Question

A cuboid has a total surface area of $50{{m}^{2}}$and lateral surface area is $30{{m}^{2}}$ . Find the area of its base.

Answer 1

Hint: We have a cuboid whose total surface area is $50{{m}^{2}}$ and the lateral surface area is $30{{m}^{2}}$. We need to find the area of its base. Let us assume that the length, breadth, and height of the cuboid are l, b, and h respectively. As we know that the total surface area of cuboid is given by: $TSA=2\left( lb+bh+lh \right)$ and lateral surface area of cuboid is given by: $LSA=2\left( bh+lh \right)$ . Now, put the values of total surface area and lateral surface area in these formulas and get the value of $\left( l\times b \right)$ . The value of $\left( l\times b \right)$ is the area of its base.

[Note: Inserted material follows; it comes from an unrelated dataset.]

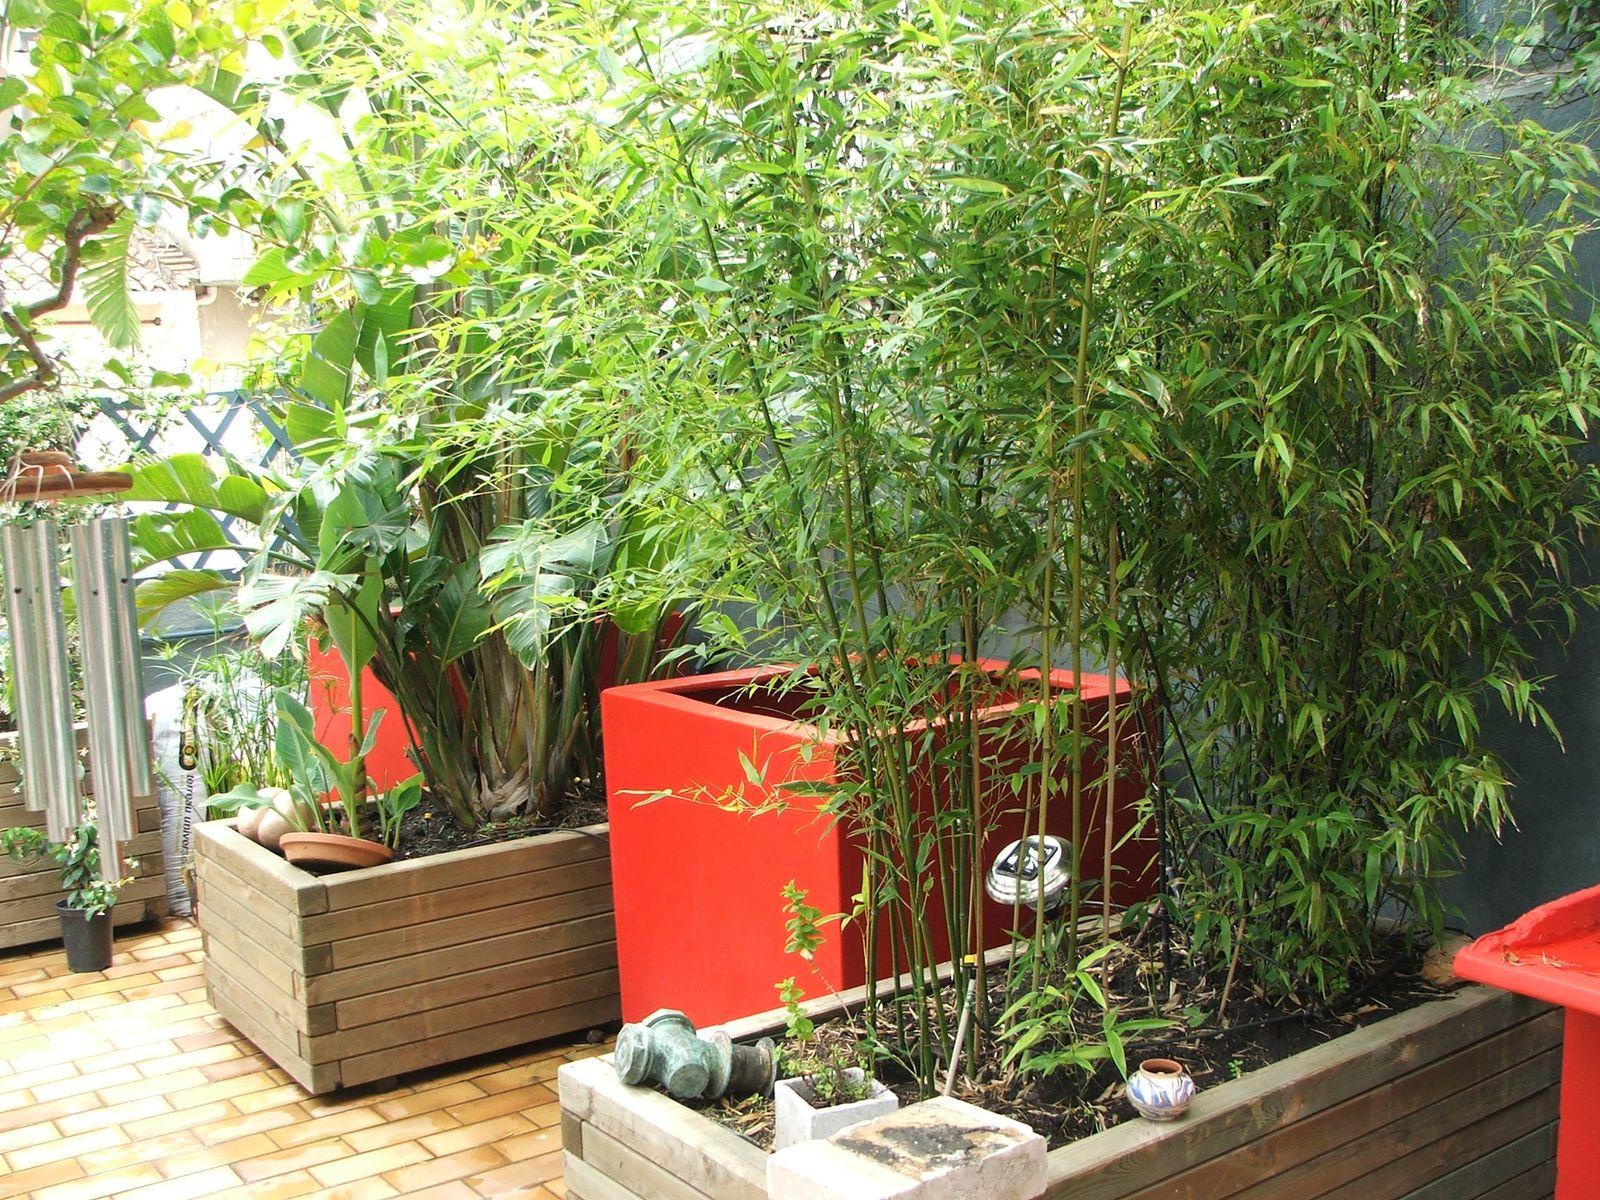 Ces jardins de ville agence arcambal concepteur paysagiste for Jardin 8686

Complete step by step answer:
We have a cuboid as shown in the figure:

We have:
Total surface area of cuboid:$TSA=50{{m}^{2}}$
Lateral surface area of cuboid: $LSA=30{{m}^{2}}$
As we know that:
$TSA=2\left( lb+bh+lh \right)$
$LSA=2\left( bh+lh \right)$
So, by putting the value of TSA and LSA, we get:
$\begin{align}
  & \Rightarrow 2\left( lb+bh+lh \right)=50{{m}^{2}}......(1) \\
 & \Rightarrow 2\left( bh+lh \right)=30{{m}^{2}}......(2) \\
\end{align}$
We can write equation (1) as:
$\Rightarrow 2\left( lb \right)+2\left( bh+lh \right)=50{{m}^{2}}......(3)$
Now, put the value of $2\left( bh+lh \right)$ from equation (2) in equation (3), we get:
$\begin{align}
  & \Rightarrow 2\left( lb \right)+30{{m}^{2}}=50{{m}^{2}} \\
 & \Rightarrow 2\left( lb \right)=20{{m}^{2}} \\
 & \Rightarrow \left( l\times b \right)=10{{m}^{2}} \\
\end{align}$

Hence, the area of the base is $10{{m}^{2}}$.

Note: The lateral surface of an object covers all of the sides of the object, excluding its base and top (when they exist). The lateral surface area is the area of the lateral surface. Whereas, the total surface area of an object is the area of all the faces of an object, which means that the total surface area includes the lateral surface area as well as the area of top and base of the object.